Export the corresponding matrix:
Final floatF [] = {1.0f, 0.0f, 0.0f, 0.0f,-1.0f, 1200000f, 0.0f, 0.0f, 1.0f };
Matrix matrix =NewMatrix ();
Matrix. setvalues (f );
The Code is as follows:
@Override
protected void onDraw (Canvas canvas) {
// TODO Auto-generated method stub
super.onDraw (canvas);
Paint paint = mPaint;
// useColorMatrix (canvas, paint);
matrix = new Matrix ();
matrix.setValues (carrypos);
paint.setColorFilter (null);
canvas.drawBitmap (bitmap, matrix, paint); // you can setColorFilter (null);
carrypos [5] = 2 * bitmap.getHeight (); // Set y coordinate movement
carrypos [4] = -1; // Set to rotate 180 degrees around the x axis
matrix.setValues (carrypos);
canvas.drawBitmap (bitmap, matrix, paint);
}
The result is as follows:
In fact, you can use the following method to implement a vertical image:
Matrix matrix =NewMatrix ();
Matrix. setscale (1.0,-1.0 );
Matrix. posttraslate (0, 2 * fheight );
Matrix learning-compound changes of images
If the image rotates around a certain point P (A, B), first you need to translate the coordinate system to this point, then rotate, and then translate the rotated image back to the original coordinate origin.
We need three steps:
1.Translation-- Shifts the coordinate system to P (A, B );
2.Rotate-- Rotate the image with the origin as the center;
3.Translation-- Translate the rotated image back to the original coordinate origin;
Compared with the aforementioned geometric changes of images (Basic geometric changes of images ),Pan -- rotate -- panSuch geometric changes that require multiple types of images are called compound changes of images.
For a given image, F1, F2, F3 ..... , FN, their change matrices are T1, T2, T3 ..... , TN, image composite change matrix t can be expressed as: t = TnTn-1... T1.
According to the above principle, the change matrix sequence of θ rotating around a certain point (a, B) is:
Based on the above formula, we will give a simple example: rotate around (100,100) 30 degrees (SIN 30 = 0.5, cos 30 = 0.866)
FloatF [] = {0.866f,-0.5f, 63.4f, 0.5f, 0.866f,-36.6f, 0.0f, 0.0f, 1.0f };
Matrix =NewMatrix ();
Matrix. setvalues (f );
The rotated image is as follows:
Android provides us with a simpler method, as follows:
Matrix matrix = new matrix ();
Matrix. setrotate (30,100,100 );
Actual results after matrix operation:
This is exactly the same as the matrix obtained through the formula.
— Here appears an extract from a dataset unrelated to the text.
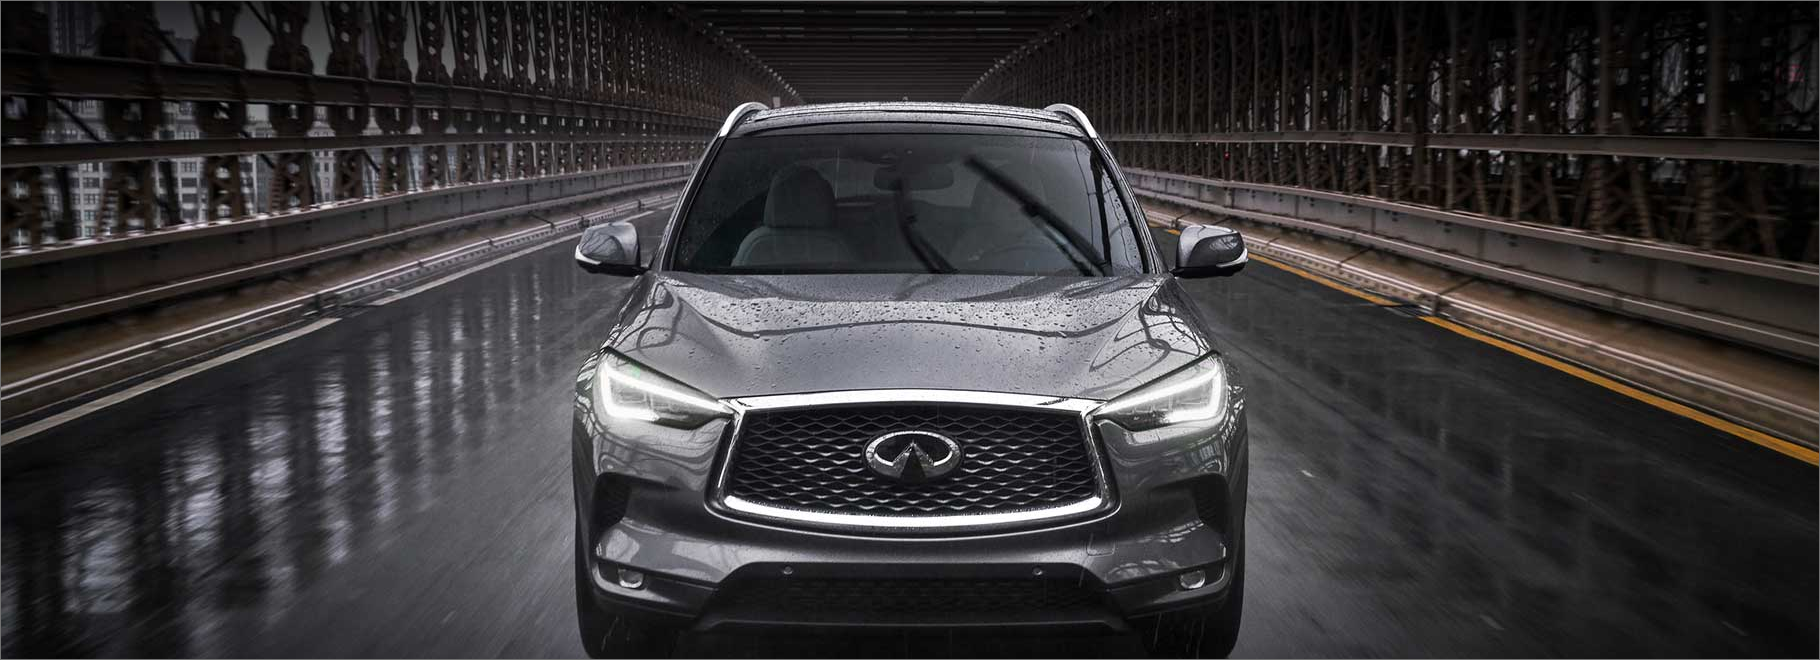 The 2022 INFINITI QX50 is a stylish SUV inside and out. It’s the perfect family SUV. Drive it for yourself at Fort Myers INFINITI today.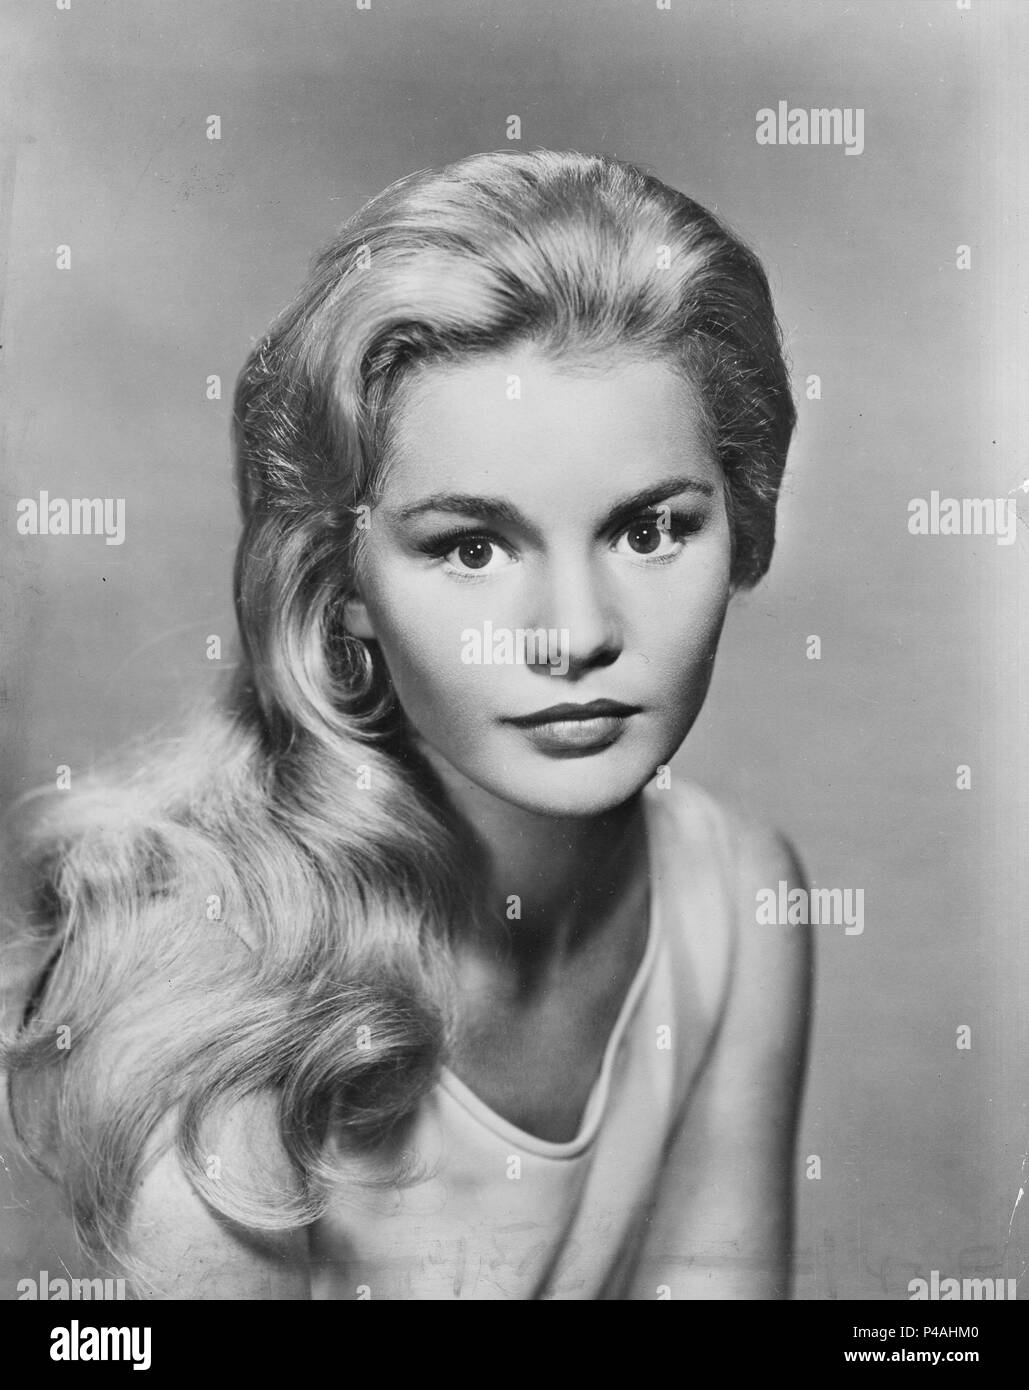 Tuesday Weld, Movies and Filmography

Here we provide another method to achieve the same effect:
Float a = 1000000f, B = 1000000f;
Matrix = new matrix ();
Matrix. settranslate (A, B );
Matrix. prerotate (30 );
Matrix. pretranslate (-a,-B); // equivalent to matrix = matrix * t (moving the matrix of the corresponding distance) post... (swapping the product factor of pre)
Matrix learning-error tangent Transformation
What isMistangent transformation of images(Shear transformation )? We can directly see the effect after the incorrect image switch:
Is to set the second parameter of the X vector to 0.5f, that is, x = x0 + 0.5y0, So X increases with Y and the slope is 0.5 linear change.
The Code is as follows:
private float[] carrypos2 ={1,0,100,
0,1,100,
0,0,1}; //z no change
float[] test01 = carrypos2;
test01[1] = 0.5F;
matrix.setValues(test01);
canvas.drawBitmap(bitmap, matrix, paint);
You can also perform the following operations:
Make a summary of the miscut transformation of the image:
X = x0 + B * y0;
Y = D * x0 + y0;
Here we will introduce you to the following points:
Through the above, we found that the setxxxx () function of matrix calls a reset () during the call, which requires attention during composite transformation.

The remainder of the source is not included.